Ermanno Rea è persona squisita ma napoletano verace. Le due qualità vanno distinte oggi, ammesso che la seconda sia ancora una qualità. Ermanno Rea non è il napoletano che può ritrovarsi nello sfacelo incredibile della sua città, di mediocrità prima che di violenza, e di violenza saputa, dritta, che si rispecchia nella produzione di immondizia morale. Ma vive sempre e solo la sua città, tra lo stereotipo del nonno a Caporetto, e il protagonista naziskin alla stazione centrale, affettuosamente chiamato Caracas, che ha 55 anni. La scrittura pure è partecipe, e il rifiuto è stato repentino allo Strega, che già aveva vinto, a favore di Paolo Giordano, che di anni ne solo 25 e viene da Torino.

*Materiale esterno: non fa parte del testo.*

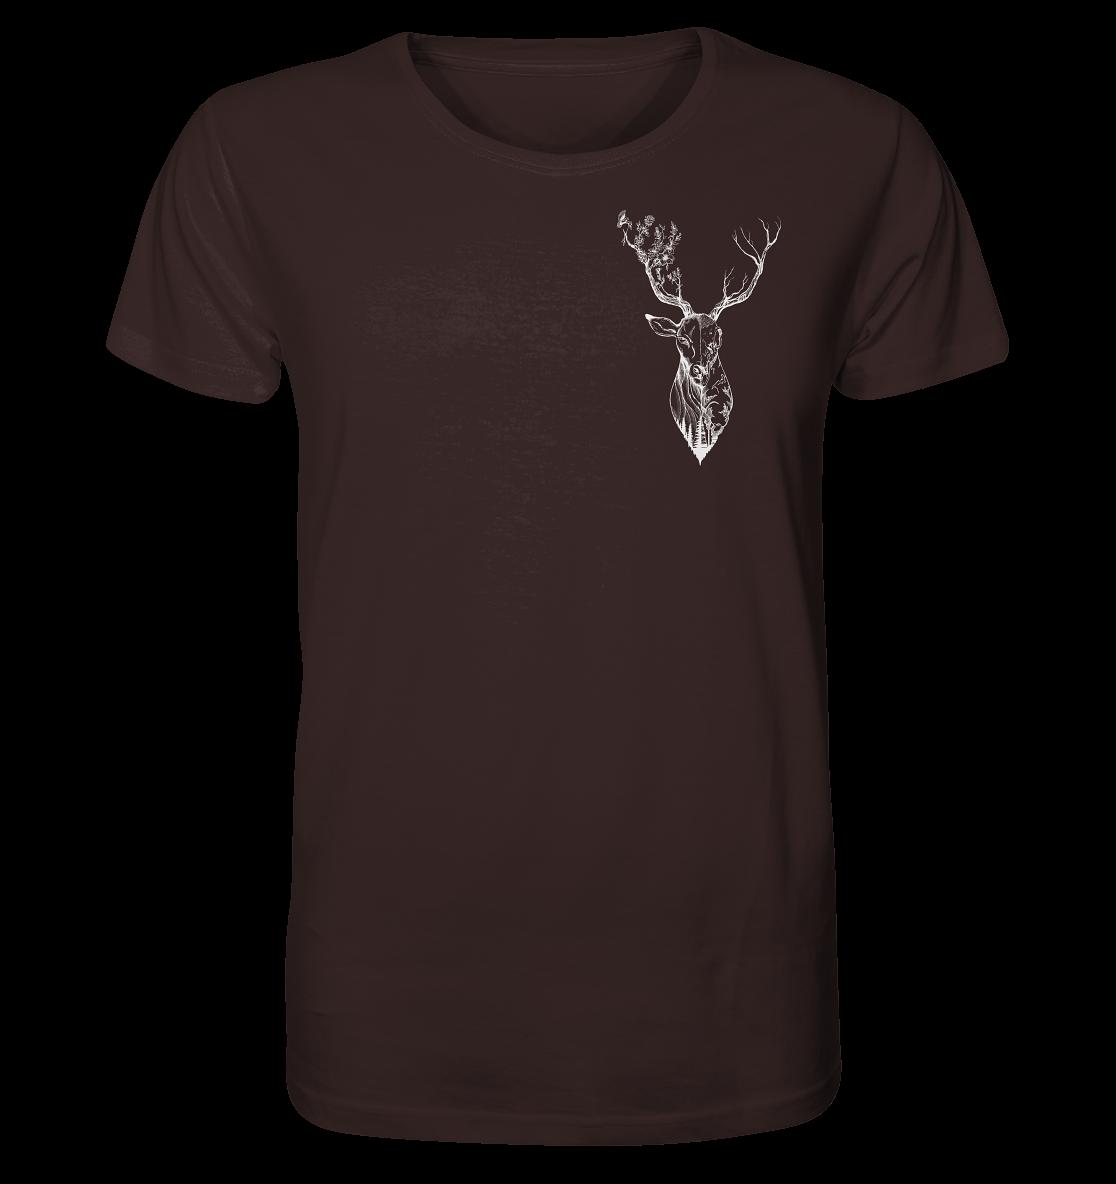 front-organic-shirt-372726-1116x-6.png

E non solo i premi, anche le classifiche (vengono prima le classifiche o i premi?), nei quali Napoli non si può dire che non eccella da qualche tempo, lo escludono. I napoletani su Internet lo dicono “bello, malinconico, struggente”, gli altri spernacchiano. Si aggiunga che Ermanno Rea si dice, Virgilio o Dante?, “cariatide comunista”, e si completa il rifiuto.
Essendo “Napoli Ferrovia” un quasi premio Strega si vorrebbe anche parlare di letteratura. Di personaggi, storie, scritture - il réportage sceneggiato che è la specialità dell’autore. Insomma della meraviglia del leggere, e del narrare. Ma Napoli purtroppo è sovrastante, per questa sua invadente, sconfinata, perfino orgogliosa, immondizia morale, nella politica, la magistratura, l’economia, il sindacato, nel popolo alto e basso, nella criminalità, e perfino tra gli intellettuali. Non Salerno, o Benevento, o Avellino, dove persone di rara virtù e competenza fanno ogni giorno il loro lavoro, ma l’asse Caserta-Napoli-Ercolano, che è anche l’area a più alta concentrazione di manufatti artistici e naturali dell’umanità. Si vorrebbe poter dire coraggio!, fate uno sforzo, se Napoli non fosse così supponente.